- Map of Tennessee House districts with the 11th District shaded in red
- Representative:
|  | Jeremy Faison R–Cosby |
since 2011
- Demographics: 90.3% White 1.9% Black 4.6% Hispanic 0.5% Asian 2.5% Multiracial
- Population (2024): 73,272

= Tennessee House of Representatives 11th district =

American legislative district

The Tennessee House of Representatives 11th district is one of the 99 legislative districts in the lower house of the Tennessee General Assembly. The district is located in East Tennessee and covers Cocke and parts of Hamblen, and Jefferson counties. The district includes White Pine, Baneberry, Newport, most of Jefferson City, and part of Morristown. Douglas Lake runs through the middle-west portion of the district. The rest of the district is unincorporated and mostly rural. Jeremy Faison has represented the district since 2011.

== Demographics ==
The Tennessee Comptroller estimates the population as of 2024 at 73,272.

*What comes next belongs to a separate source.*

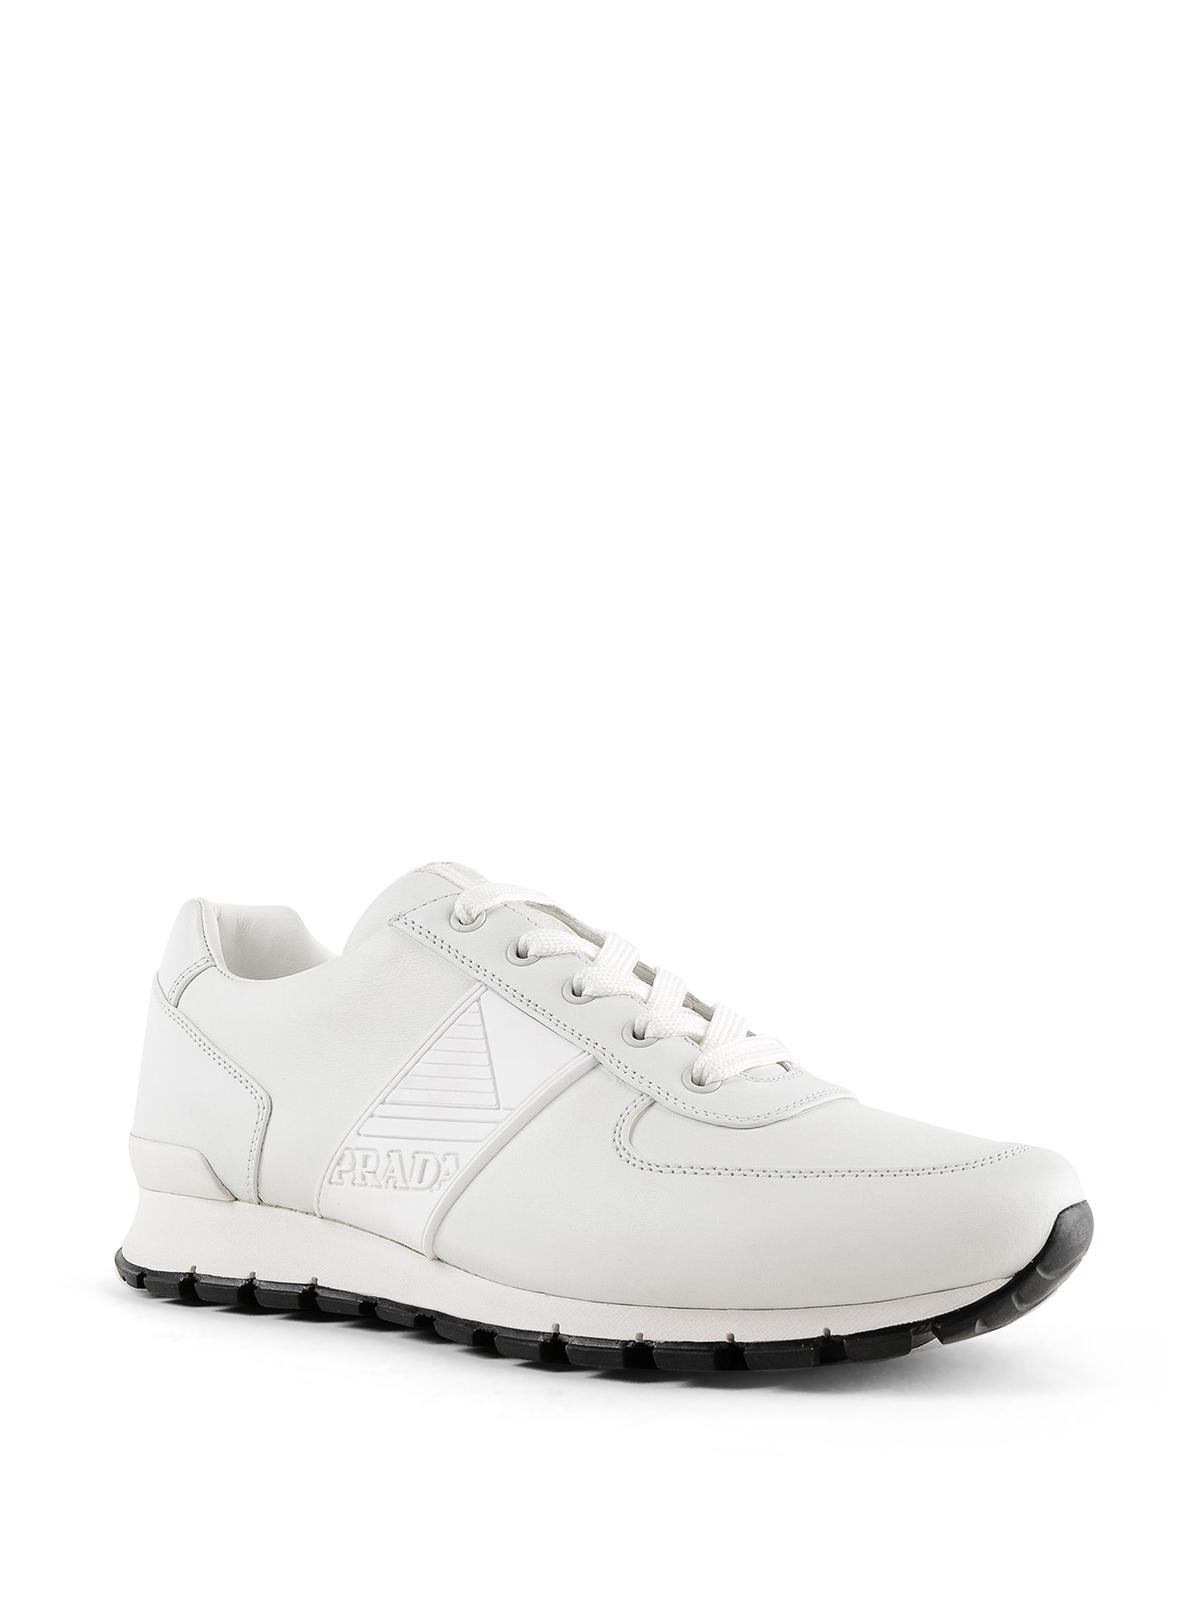 Prada - White Match Race sneakers

- 90.3% of the district is White
- 4.6% of the district is Hispanic
- 1.9% of the district is Black
- 0.5% of the district is Asian
- 2.5% of the district is Two or more races

Detailed demographic information is also available through Census Reporter.

== History ==
The 88th Tennessee General Assembly was the first in which all districts were numbered. At this time, the 11th district was in Cocke and Sevier counties. From the 89th-90th GAs, it was composed of Cocke, Jefferson, Blount, and Sevier counties. From the 91st-93rd GAs, it was composed of Cocke and Jefferson counties. From the 94th-97th GAs, it was composed of Cocke and Sevier counties. From the 98th-107th GAs, it was composed of Cocke and part of Greene counties. From the 108th-112th GAs, it was composed of Cocke and parts of Jefferson and Greene counties. Since the 113th General Assembly, it has been composed of Cocke and parts of Hamblen, and Jefferson counties.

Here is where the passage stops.